Opening the database... [0.033s] Database: /data/scratch/software/funannotate/analysis/funannotate_db/mibig.dmnd (type: Diamond database, sequences: 31023, letters: 18898150) Block size = 2000000000 Opening the input file... [0s] Error: Error detecting input file format.

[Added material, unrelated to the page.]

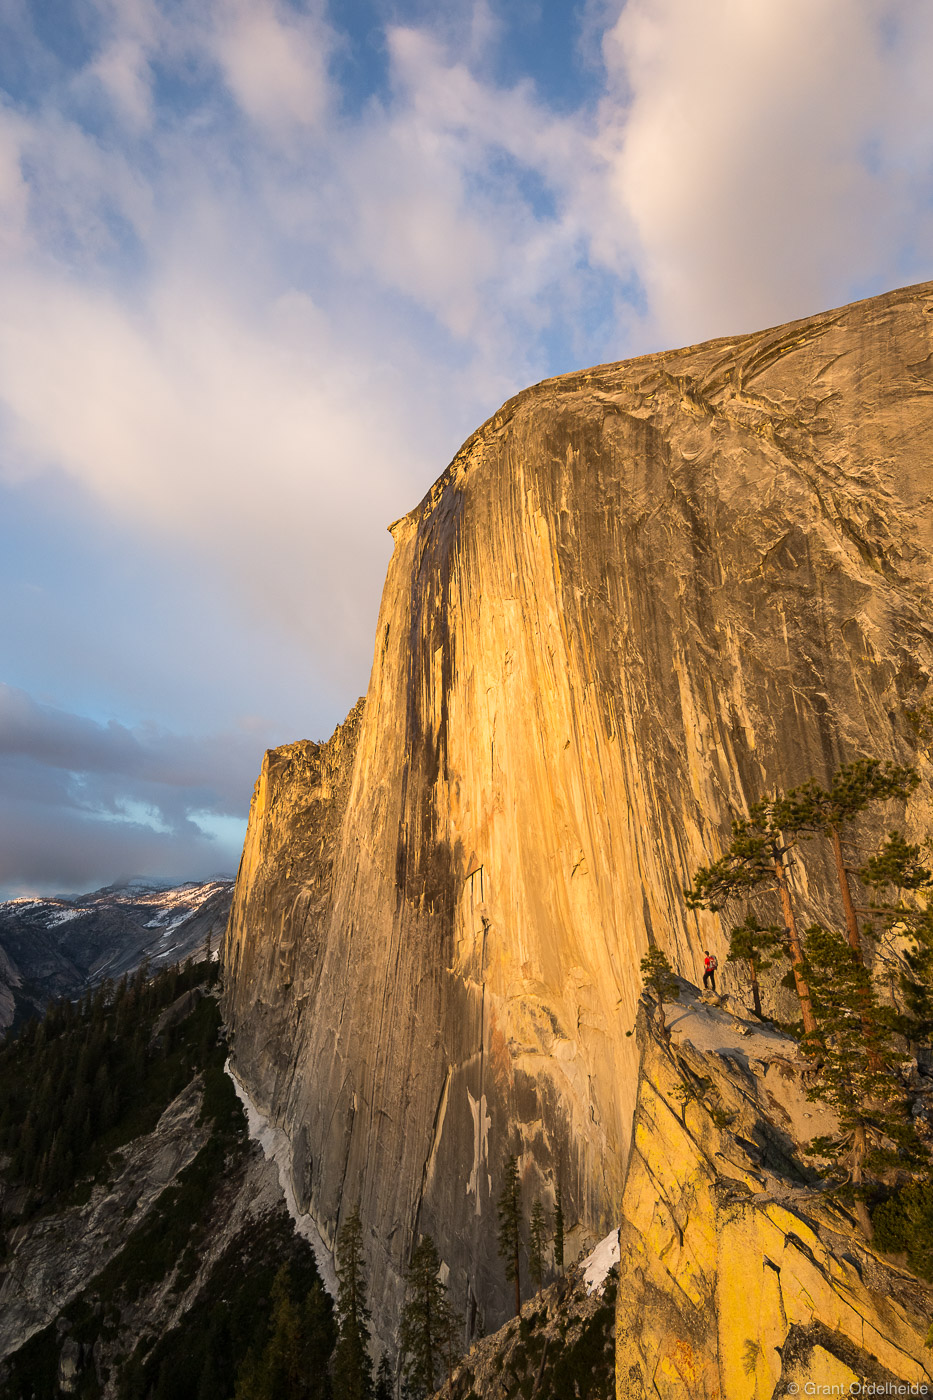 A hiker looking out over the monolithic northwest face of Half Dome in California's Yosemite National Park.

First line seems to be blank.


OS/Install Information

You are running Perl v b'5.032001'. Now checking perl modules... Carp: 1.50 Clone: 0.46 DBD::SQLite: 1.72 DBD::mysql: 4.050 DBI: 1.643 DB_File: 1.855 Data::Dumper: 2.183 File::Basename: 2.85 File::Which: 1.24 Getopt::Long: 2.54 Hash::Merge: 0.302 JSON: 4.10 LWP::UserAgent: 6.67 Logger::Simple: 2.0 POSIX: 1.94 Parallel::ForkManager: 2.02 Pod::Usage: 1.69 Scalar::Util::Numeric: 0.40 Storable: 3.15 Text::Soundex: 3.05 Thread::Queue: 3.13 Tie::File: 1.06 URI::Escape: 5.12 YAML: 1.30 local::lib: 2.000029 threads: 2.25 threads::shared: 1.61 All 27 Perl modules installed

Checking Environmental Variables... $FUNANNOTATE_DB=/data/scratch/software/funannotate/analysis/funannotate_db/ $PASAHOME=/home/admin/anaconda3/envs/funannotate_1.8/opt/pasa-2.5.2 $TRINITY_HOME=/home/admin/anaconda3/envs/funannotate_1.8/opt/trinity-2.8.5 $EVM_HOME=/home/admin/anaconda3/envs/funannotate_1.8/opt/evidencemodeler-1.1.1 $AUGUSTUS_CONFIG_PATH=/home/admin/anaconda3/envs/funannotate_1.8/config/ $GENEMARK_PATH=/home/admin/bin/gmes_linux_64_4 All 6 environmental variables are set

Checking external dependencies... ERROR: gmap found but error running gmap PASA: 2.5.2 CodingQuarry: 2.0 Trinity: 2.8.5 augustus: 3.5.0 bamtools: bamtools 2.5.1 bedtools: bedtools v2.30.0 blat: BLAT v35 diamond: 2.0.15 ete3: 3.1.2 exonerate: exonerate 2.4.0 fasta: 36.3.8g glimmerhmm: 3.0.4 gmes_petap.pl: 4.35 hisat2: 2.2.1 hmmscan: HMMER 3.3.2 (Nov 2020) hmmsearch: HMMER 3.3.2 (Nov 2020) java: 17.0.3-internal kallisto: 0.46.1 mafft: v7.508 (2022/Sep/07) makeblastdb: makeblastdb 2.2.31+ minimap2: 2.24-r1122 pigz: 2.4 proteinortho: 6.1.7 pslCDnaFilter: no way to determine salmon: salmon 0.14.1 samtools: samtools 1.16.1 snap: 2006-07-28 stringtie: 2.2.1 tRNAscan-SE: 2.0.11 (Oct 2022) tantan: tantan 40 tbl2asn: 25.8 tblastn: tblastn 2.2.31+ trimal: trimAl v1.4.rev15 build[2013-12-17] trimmomatic: 0.39 ERROR: emapper.py not installed ERROR: gmap not installed ERROR: signalp not installed

taavirit commented 2 months ago

I have an identical issue with version 1.8.17. Have you found a solution?